Why do you want to remove it? It is there to insulate the pipe, either due to it is hot water for a boiler, or hot water from the water heater. Just leave and fix. Better than the foam wrap. Now, if it is saturated due to water leaking, yes you can just pull down and place into a plastic bag. Wear long sleeves, eye shield glasses, and a mask if you wish.


----------



## Maintenance 6 (Feb 26, 2008)

Yup. Seen pipe wrap around fiberglass insulation that was impregnated with asbestos. Also seen asbestos in the brush-on coating that was applied over fiberglass pipe wrap.


----------



## gregzoll (Dec 25, 2006)

Maintenance 6 said:


> Yup. Seen pipe wrap around fiberglass insulation that was impregnated with asbestos. Also seen asbestos in the brush-on coating that was applied over fiberglass pipe wrap.

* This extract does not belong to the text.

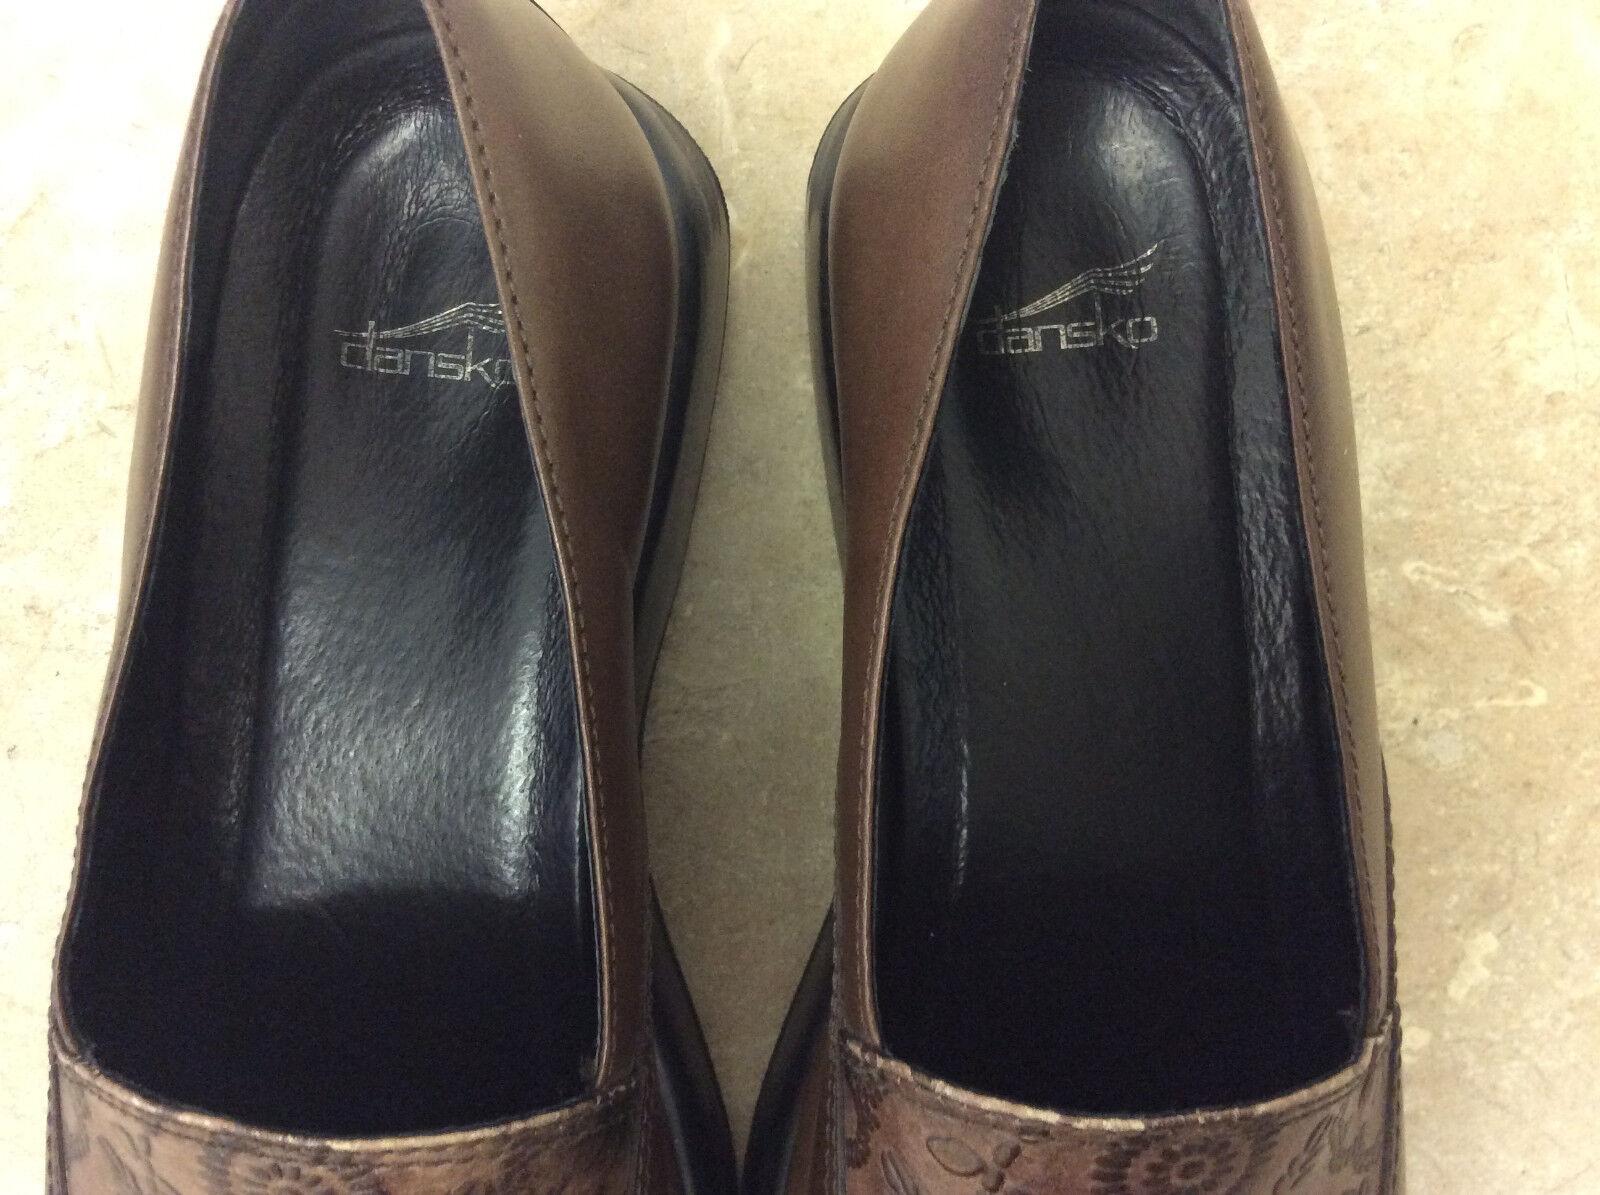 Dansko Mandolin braun Clog Leather damen damen damen Größe 41 US 10.5 7304780200 schuhe 78a73c

It would have been the really old stuff. This stuff looks no older than maybe 20 to 30 years max, so it would not have it in it.


----------



## abefroman (Jan 18, 2009)

gregzoll said:


> It would have been the really old stuff. This stuff looks no older than maybe 20 to 30 years max, so it would not have it in it.


I think you're right, that's a copper pipe which isn't original to the house, so the pipe, and insulation I'm assuming, would have been replaced at some point.


----------



## Windows on Wash (Aug 30, 2011)

gregzoll said:


> It would have been the really old stuff. This stuff looks no older than maybe 20 to 30 years max, so it would not have it in it.


+1

You can have asbestos in some of the older FG wraps in the mastic and other places but this does not appear old enough.

That being said, take PPE precautions regardless. Fiberglass is bad crap for your lungs as well.


----------